Why numbers work
Numbers do three things that words cannot: they prove scale, enable comparison, and signal that you track your own performance. "Improved customer satisfaction" is a claim. "Increased NPS from 42 to 67" is evidence.
Bock's insight was that most candidates undersell themselves by describing responsibilities instead of results. The formula forces you to lead with the outcome, not the activity.1
Evidence from a large field experiment shows that improving writing quality can increase hiring outcomes without reducing employer satisfaction.2
Finding numbers when you think you don't have any
Illustrative examples, not benchmarks.
Reduced processing time by 30%. Cut onboarding from 2 weeks to 3 days.
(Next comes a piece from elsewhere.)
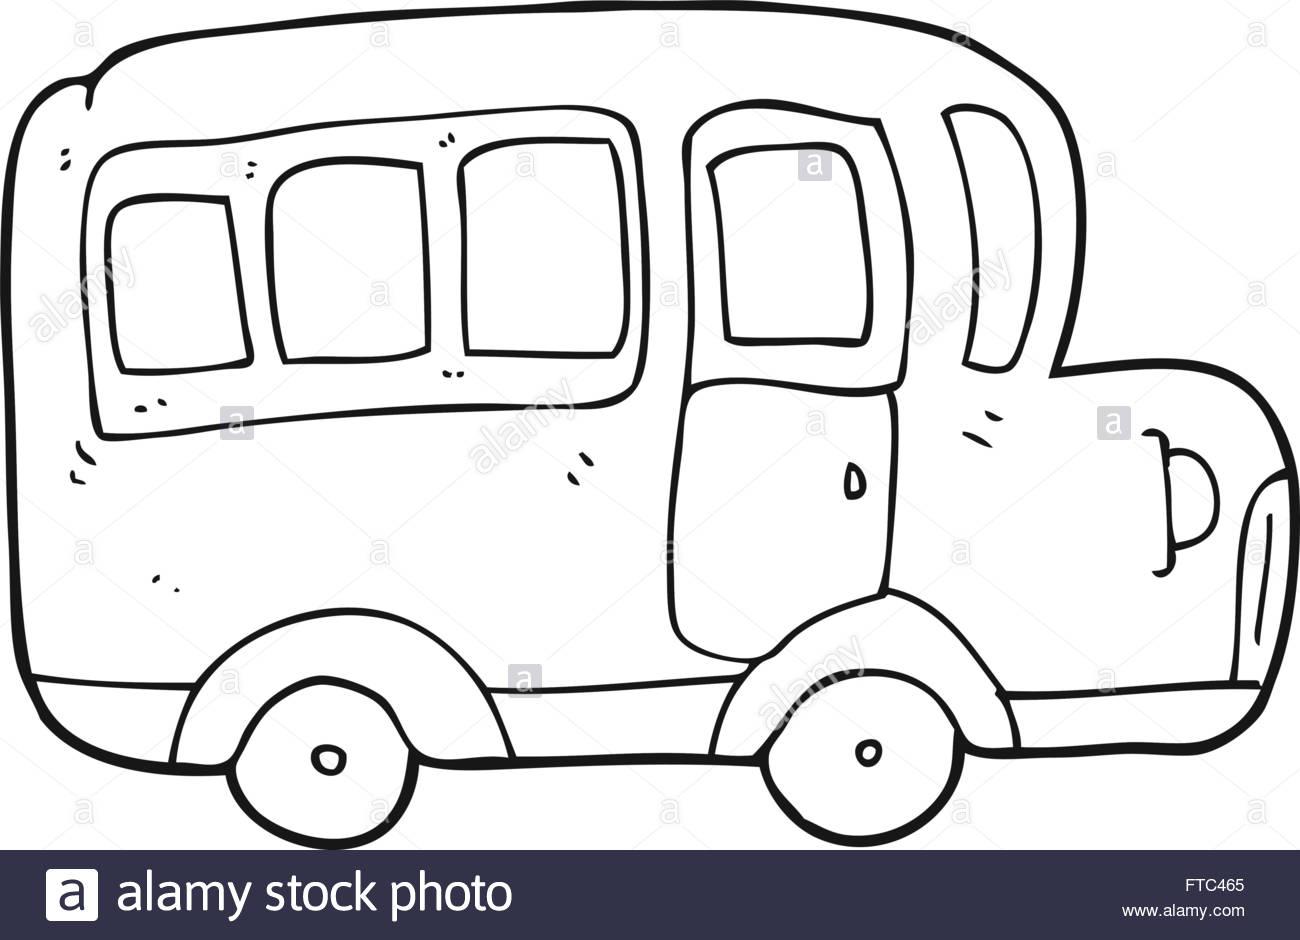 1300x940 Freehand Drawn Black And White Cartoon Yellow School Bus Stock

Saved $50K annually. Generated $200K in new revenue. Reduced costs by 15%.
Managed a team of 12. Handled 500+ customer tickets monthly. Launched in 8 markets.
First time in company history. Implemented process used by 200+ employees.
The before and after
Before: "Responsible for managing social media accounts and creating content."
After: "Grew Instagram following from 5K to 45K in 8 months by creating a data-driven content calendar that increased engagement rate from 2% to 8%."
Same job. Completely different impression. The second version answers the question every recruiter is asking: "What will this person do for us?"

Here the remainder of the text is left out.